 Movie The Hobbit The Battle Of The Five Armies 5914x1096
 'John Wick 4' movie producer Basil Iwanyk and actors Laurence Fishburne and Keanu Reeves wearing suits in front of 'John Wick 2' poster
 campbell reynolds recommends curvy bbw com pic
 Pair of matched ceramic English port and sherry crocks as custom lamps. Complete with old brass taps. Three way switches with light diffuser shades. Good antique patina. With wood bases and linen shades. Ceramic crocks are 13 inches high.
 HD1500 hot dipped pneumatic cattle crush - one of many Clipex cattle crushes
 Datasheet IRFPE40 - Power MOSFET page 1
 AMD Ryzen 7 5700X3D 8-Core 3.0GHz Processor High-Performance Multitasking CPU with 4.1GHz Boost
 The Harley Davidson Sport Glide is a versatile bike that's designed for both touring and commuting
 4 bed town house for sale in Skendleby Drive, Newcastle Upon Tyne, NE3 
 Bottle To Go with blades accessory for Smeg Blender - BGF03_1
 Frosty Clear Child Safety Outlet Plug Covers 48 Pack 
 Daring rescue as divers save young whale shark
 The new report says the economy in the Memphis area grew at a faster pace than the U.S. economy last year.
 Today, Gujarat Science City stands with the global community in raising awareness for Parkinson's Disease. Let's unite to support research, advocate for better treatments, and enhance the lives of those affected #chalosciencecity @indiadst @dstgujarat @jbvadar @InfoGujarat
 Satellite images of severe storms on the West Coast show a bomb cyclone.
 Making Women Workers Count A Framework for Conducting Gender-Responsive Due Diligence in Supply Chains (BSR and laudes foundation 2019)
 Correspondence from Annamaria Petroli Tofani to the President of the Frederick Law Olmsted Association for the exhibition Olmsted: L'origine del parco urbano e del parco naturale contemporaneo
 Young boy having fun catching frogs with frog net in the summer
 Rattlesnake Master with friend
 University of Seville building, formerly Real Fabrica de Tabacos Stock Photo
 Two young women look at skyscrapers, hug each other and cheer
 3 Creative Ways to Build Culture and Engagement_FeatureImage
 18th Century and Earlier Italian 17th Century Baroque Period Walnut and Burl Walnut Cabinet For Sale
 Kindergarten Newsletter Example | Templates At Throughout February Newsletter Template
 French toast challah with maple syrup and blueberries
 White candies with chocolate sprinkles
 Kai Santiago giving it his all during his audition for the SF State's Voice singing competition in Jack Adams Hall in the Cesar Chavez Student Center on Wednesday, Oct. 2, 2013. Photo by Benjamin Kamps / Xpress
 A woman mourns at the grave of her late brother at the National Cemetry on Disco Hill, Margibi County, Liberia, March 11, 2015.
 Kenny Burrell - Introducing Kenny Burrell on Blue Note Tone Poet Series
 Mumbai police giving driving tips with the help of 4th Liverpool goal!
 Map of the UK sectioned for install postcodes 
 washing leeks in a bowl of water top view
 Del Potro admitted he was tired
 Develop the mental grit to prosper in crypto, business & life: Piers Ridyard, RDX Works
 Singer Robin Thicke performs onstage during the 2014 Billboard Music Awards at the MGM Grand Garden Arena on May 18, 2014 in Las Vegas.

========================================

**PROBLEM**
Output the material above exactly. Omit nothing.

**WORKED SOLUTION**
 Movie The Hobbit The Battle Of The Five Armies 5914x1096
 'John Wick 4' movie producer Basil Iwanyk and actors Laurence Fishburne and Keanu Reeves wearing suits in front of 'John Wick 2' poster
 campbell reynolds recommends curvy bbw com pic
 Pair of matched ceramic English port and sherry crocks as custom lamps. Complete with old brass taps. Three way switches with light diffuser shades. Good antique patina. With wood bases and linen shades. Ceramic crocks are 13 inches high.
 HD1500 hot dipped pneumatic cattle crush - one of many Clipex cattle crushes
 Datasheet IRFPE40 - Power MOSFET page 1
 AMD Ryzen 7 5700X3D 8-Core 3.0GHz Processor High-Performance Multitasking CPU with 4.1GHz Boost
 The Harley Davidson Sport Glide is a versatile bike that's designed for both touring and commuting
 4 bed town house for sale in Skendleby Drive, Newcastle Upon Tyne, NE3 
 Bottle To Go with blades accessory for Smeg Blender - BGF03_1
 Frosty Clear Child Safety Outlet Plug Covers 48 Pack 
 Daring rescue as divers save young whale shark
 The new report says the economy in the Memphis area grew at a faster pace than the U.S. economy last year.
 Today, Gujarat Science City stands with the global community in raising awareness for Parkinson's Disease. Let's unite to support research, advocate for better treatments, and enhance the lives of those affected #chalosciencecity @indiadst @dstgujarat @jbvadar @InfoGujarat
 Satellite images of severe storms on the West Coast show a bomb cyclone.
 Making Women Workers Count A Framework for Conducting Gender-Responsive Due Diligence in Supply Chains (BSR and laudes foundation 2019)
 Correspondence from Annamaria Petroli Tofani to the President of the Frederick Law Olmsted Association for the exhibition Olmsted: L'origine del parco urbano e del parco naturale contemporaneo
 Young boy having fun catching frogs with frog net in the summer
 Rattlesnake Master with friend
 University of Seville building, formerly Real Fabrica de Tabacos Stock Photo
 Two young women look at skyscrapers, hug each other and cheer
 3 Creative Ways to Build Culture and Engagement_FeatureImage
 18th Century and Earlier Italian 17th Century Baroque Period Walnut and Burl Walnut Cabinet For Sale
 Kindergarten Newsletter Example | Templates At Throughout February Newsletter Template
 French toast challah with maple syrup and blueberries
 White candies with chocolate sprinkles
 Kai Santiago giving it his all during his audition for the SF State's Voice singing competition in Jack Adams Hall in the Cesar Chavez Student Center on Wednesday, Oct. 2, 2013. Photo by Benjamin Kamps / Xpress
 A woman mourns at the grave of her late brother at the National Cemetry on Disco Hill, Margibi County, Liberia, March 11, 2015.
 Kenny Burrell - Introducing Kenny Burrell on Blue Note Tone Poet Series
 Mumbai police giving driving tips with the help of 4th Liverpool goal!
 Map of the UK sectioned for install postcodes 
 washing leeks in a bowl of water top view
 Del Potro admitted he was tired
 Develop the mental grit to prosper in crypto, business & life: Piers Ridyard, RDX Works
 Singer Robin Thicke performs onstage during the 2014 Billboard Music Awards at the MGM Grand Garden Arena on May 18, 2014 in Las Vegas.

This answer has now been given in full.